**TASK PROMPT:** Should a picture appear anywhere in the data, omit it and copy everything else exactly.

**DATA SEGMENT:**
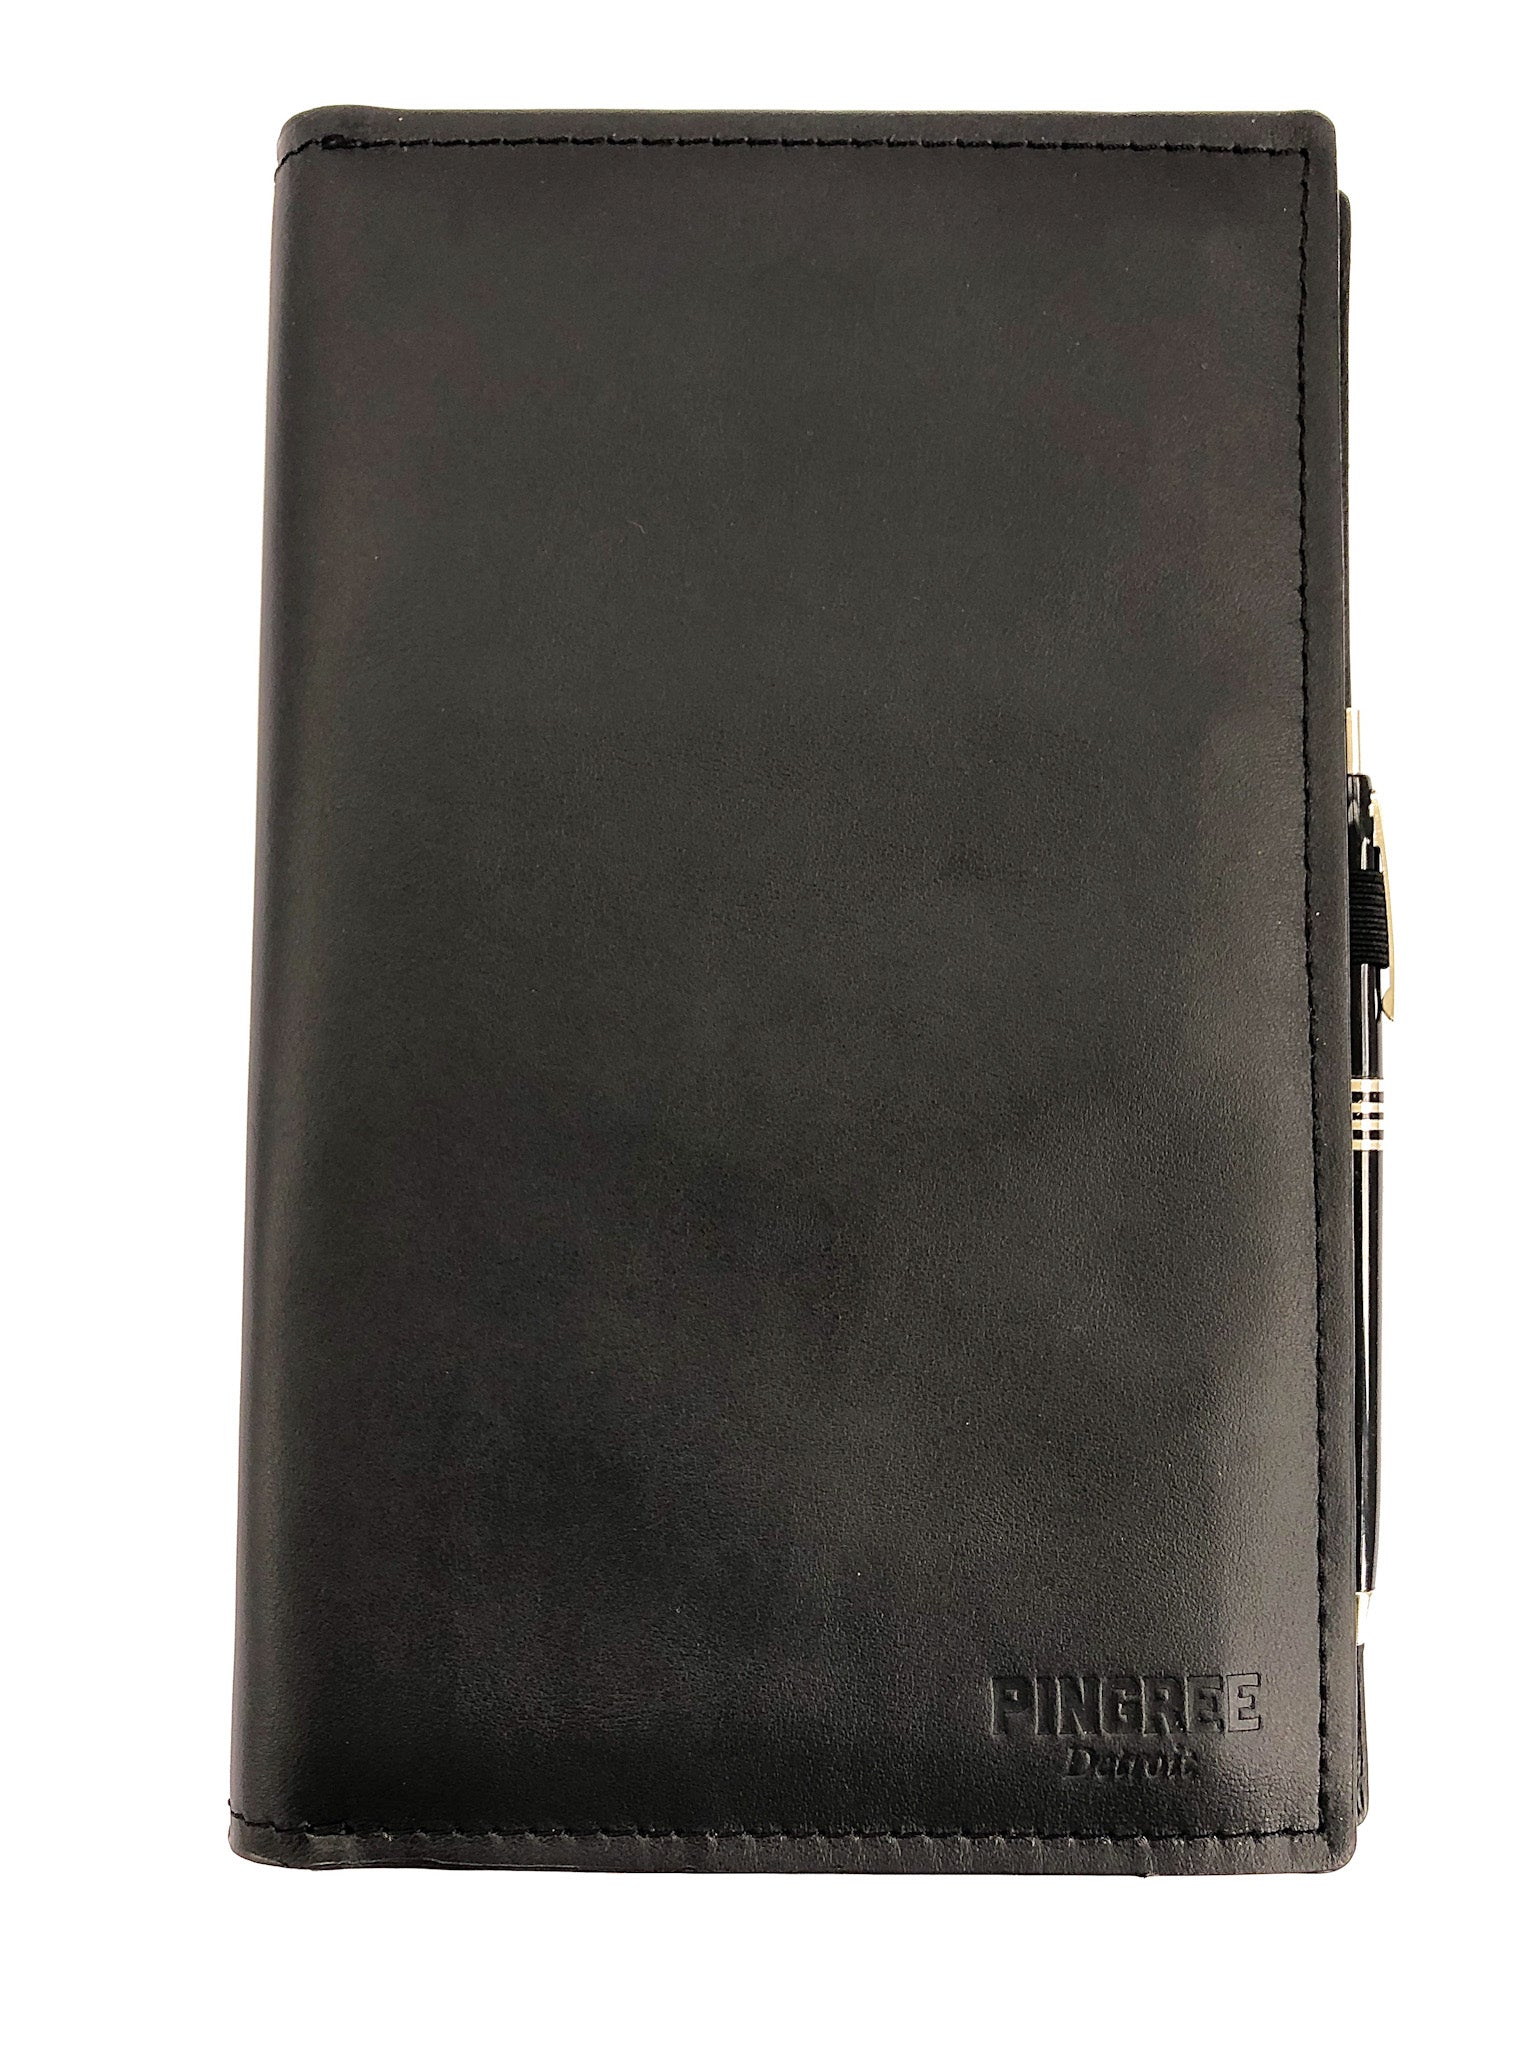 All black Pingree Moleskine Work Folio. Made in the USA from repurposed automotive leather. Smells like a new car because it nearly was.
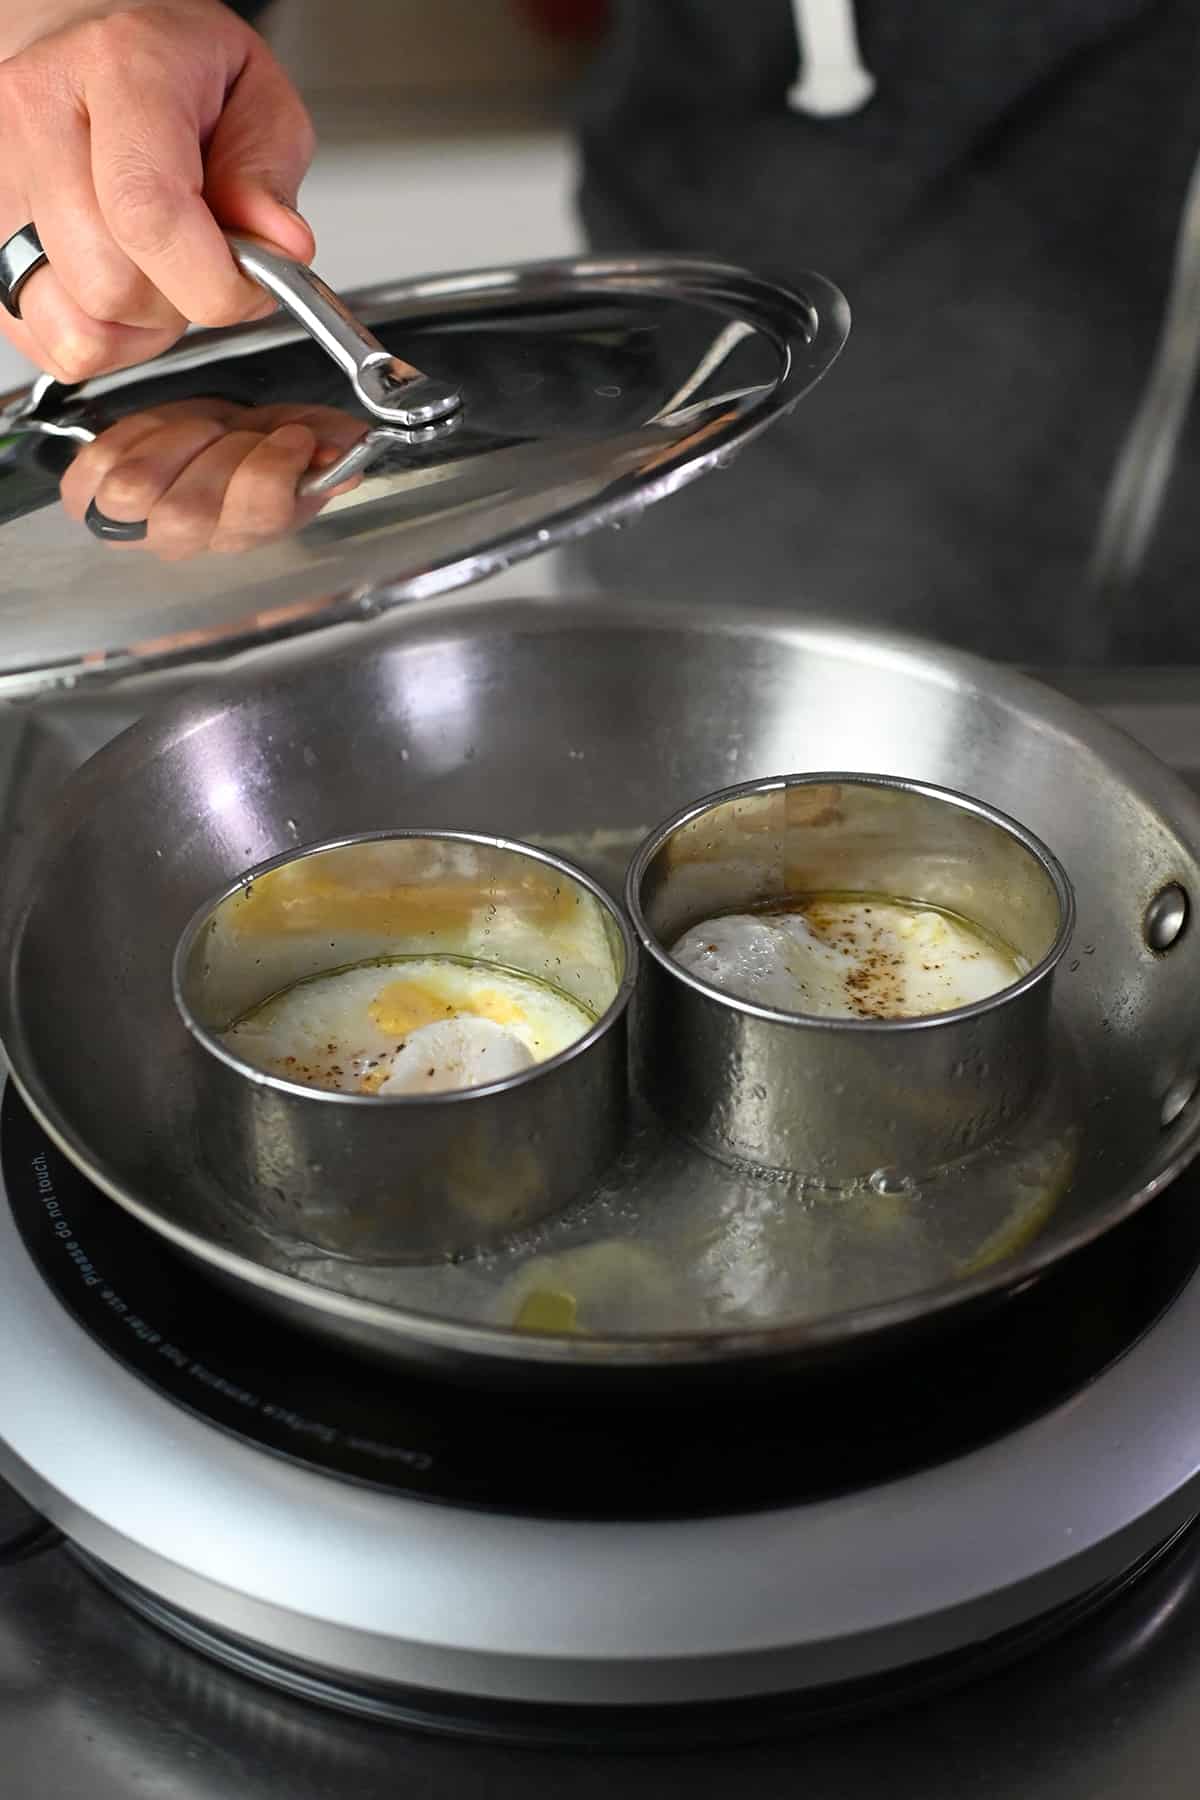 Removing the lid on a skillet filled with biscuit cutters and cooked eggs.
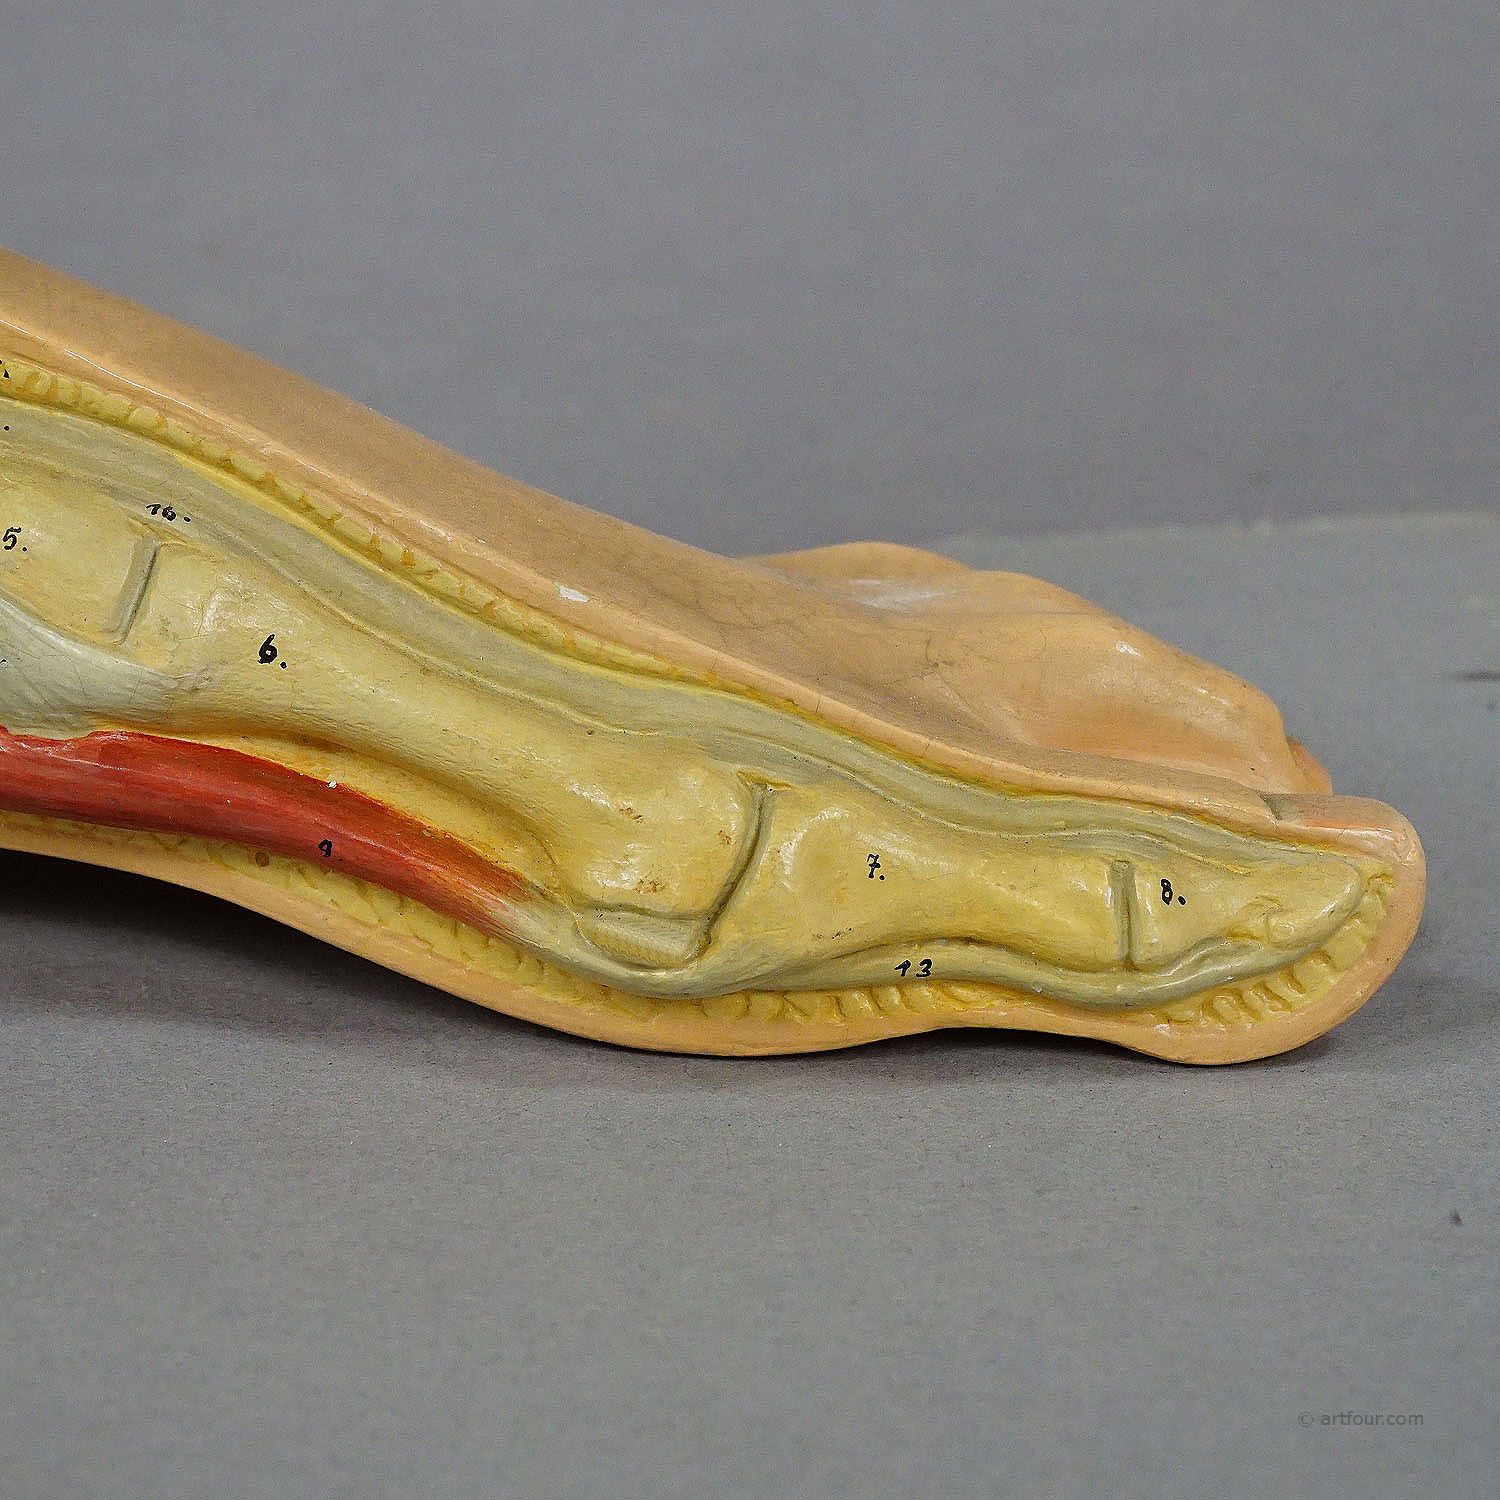 Antique 3D Anatomical Foot Model Made by SOMSO ca. 1930

**OUTPUT OF THE TASK:**
 All black Pingree Moleskine Work Folio. Made in the USA from repurposed automotive leather. Smells like a new car because it nearly was.
 Removing the lid on a skillet filled with biscuit cutters and cooked eggs.
 Antique 3D Anatomical Foot Model Made by SOMSO ca. 1930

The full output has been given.